Just for shits and giggles to see if I was maybe missing something simple, I tried the following on my local machine:

tar -cf - *.gz | tar -xf -C tmp

This did what I expected, it took all of the gzipped files in the current directory and put them in an existing directory tmp.

Then with the Hadoop part on the local machine:

cat my_file.gz | hadoop fs -put - "/files/hadoop"

This also did what I expected, it put my gzipped file into /files/hadoop on the HDFS.

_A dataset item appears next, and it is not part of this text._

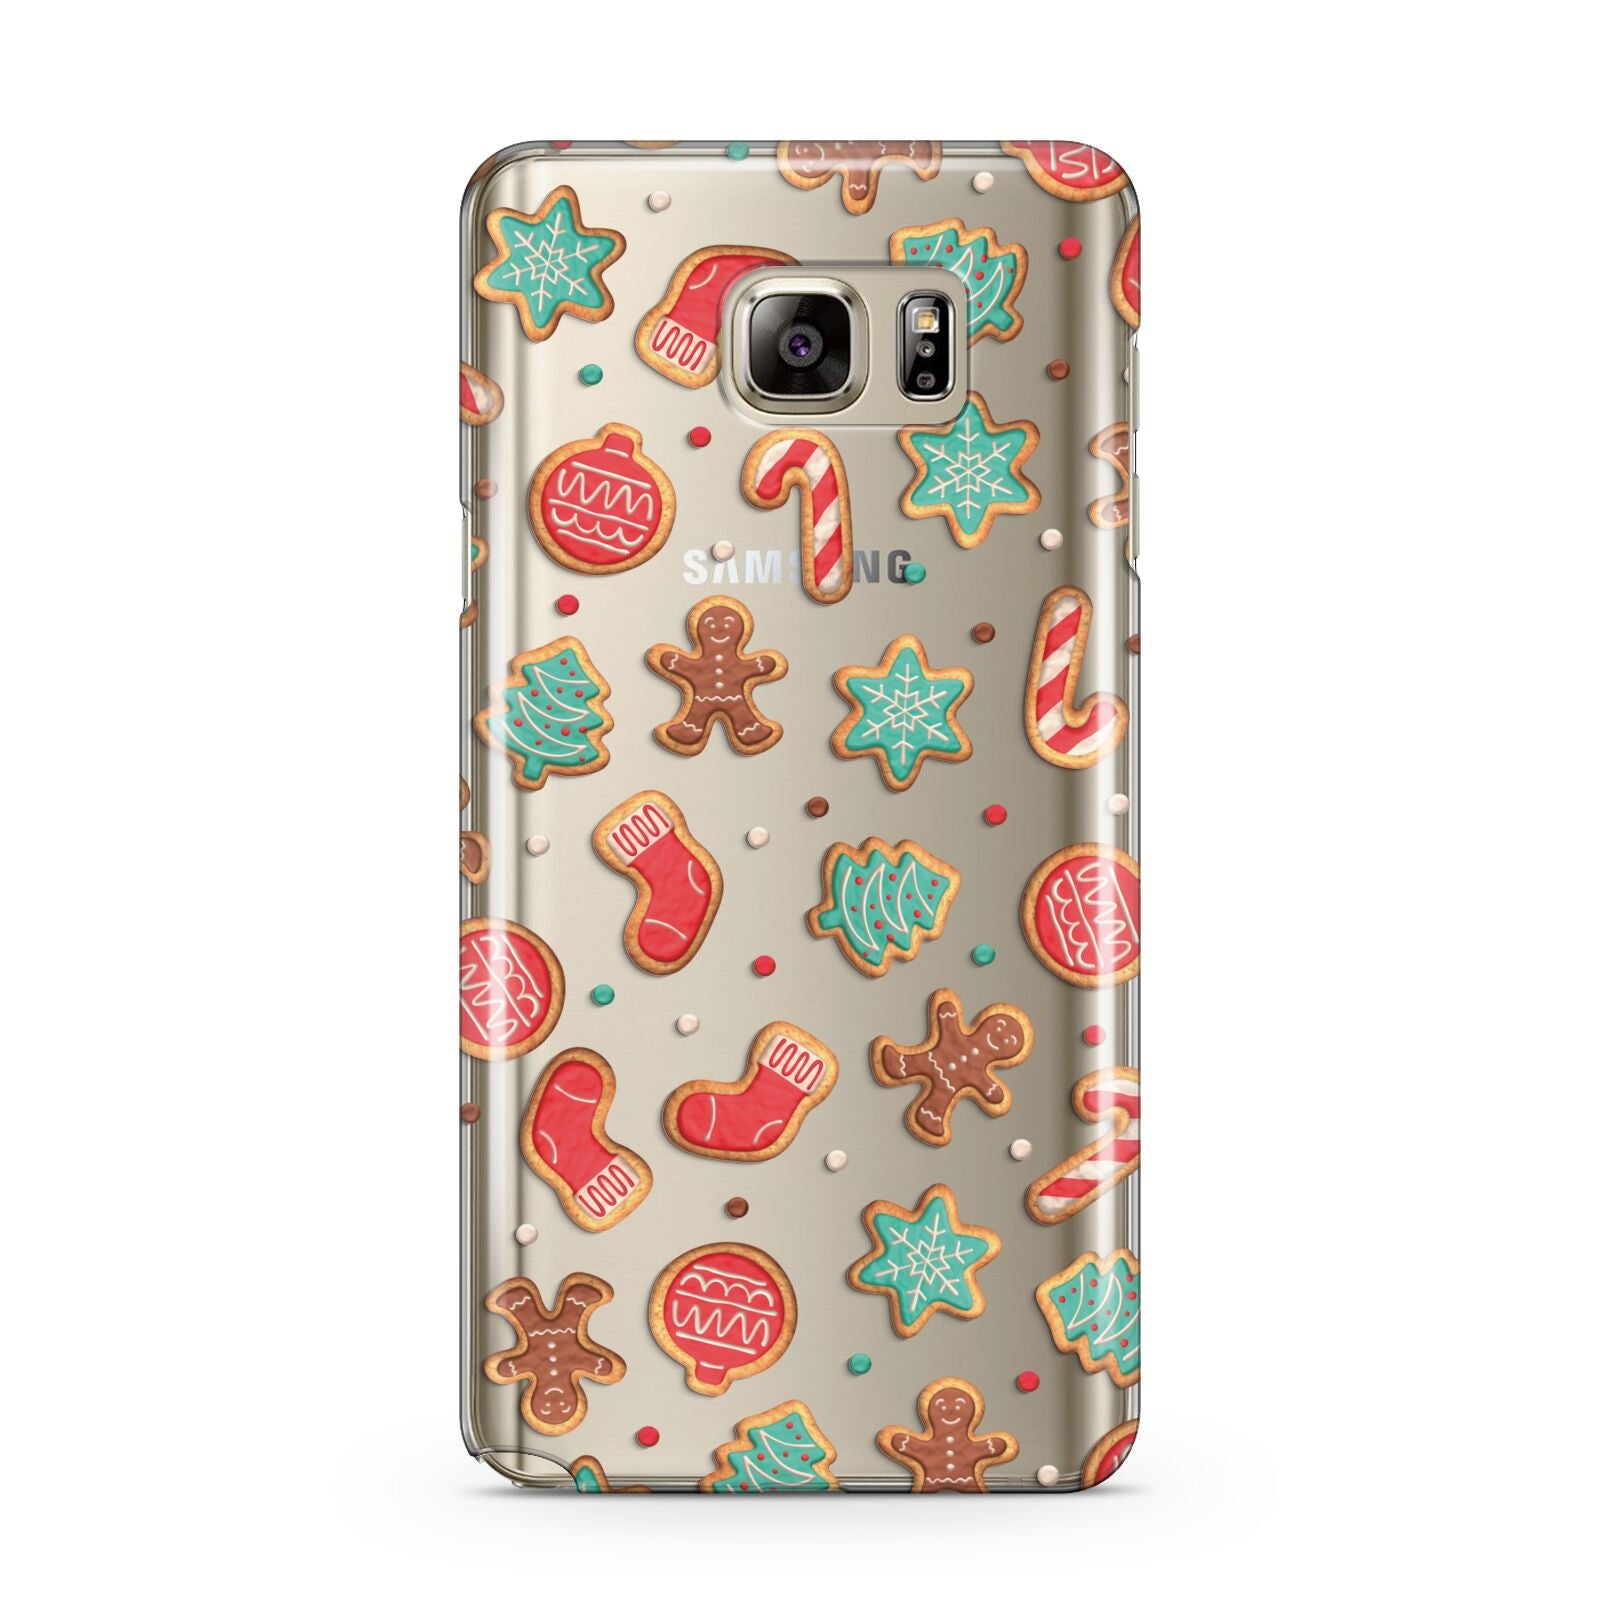 Gingerbread Christmas Samsung Galaxy Note 5 Case

Is it not possible to pipe multiple files into HDFS?

kurczynski
  • 359
  • 9
  • 17
  • I read it again and again, and I couldn't understand which part exactly isn't working for you :-/ – maksimov Dec 19 '14 at 23:51
  • @maksimov so it copies the files in the first two commands from the remote host to the local host which isn't supposed to happen (so I thought). It should go right into HDFS, for some reason piping multiple files into HDFS that doesn't work. – kurczynski Dec 20 '14 at 02:55
  • This is relevant: http://stackoverflow.com/questions/11270509/putting-a-remote-file-into-hadoop-without-copying-it-to-local-disk, they are going the other way however, but it may give you some clues. Note that the OP has found a performance issue when piping directly into hdfs. – maksimov Dec 20 '14 at 18:04
  • @maksimov yeah that's exactly what I'm able to do right now, it's multiple files that's the problem. Hm, I see where he mentions performance issues with piping, that doesn't make sense though. I guess I'll give both ways a try and see if that is the case for some odd reason. – kurczynski Dec 29 '14 at 23:00

1 Answers1

3

For whatever reason, I can't seem to pipe multiple files into HDFS. So what I ended up doing was creating a background SSH session so I don't have to create one for every single file I want to load:

ssh -fNn remote-host

And then iterating over the list of files I need to load into HDFS and pipe each one in:

for file in /files/wanted/*; do
  ssh -n remote-host "cat $file" | "hadoop fs -put - /files/hadoop/$file"
done

Also make sure to close the SSH session:

ssh -O exit remote-host
kurczynski
  • 359
  • 9
  • 17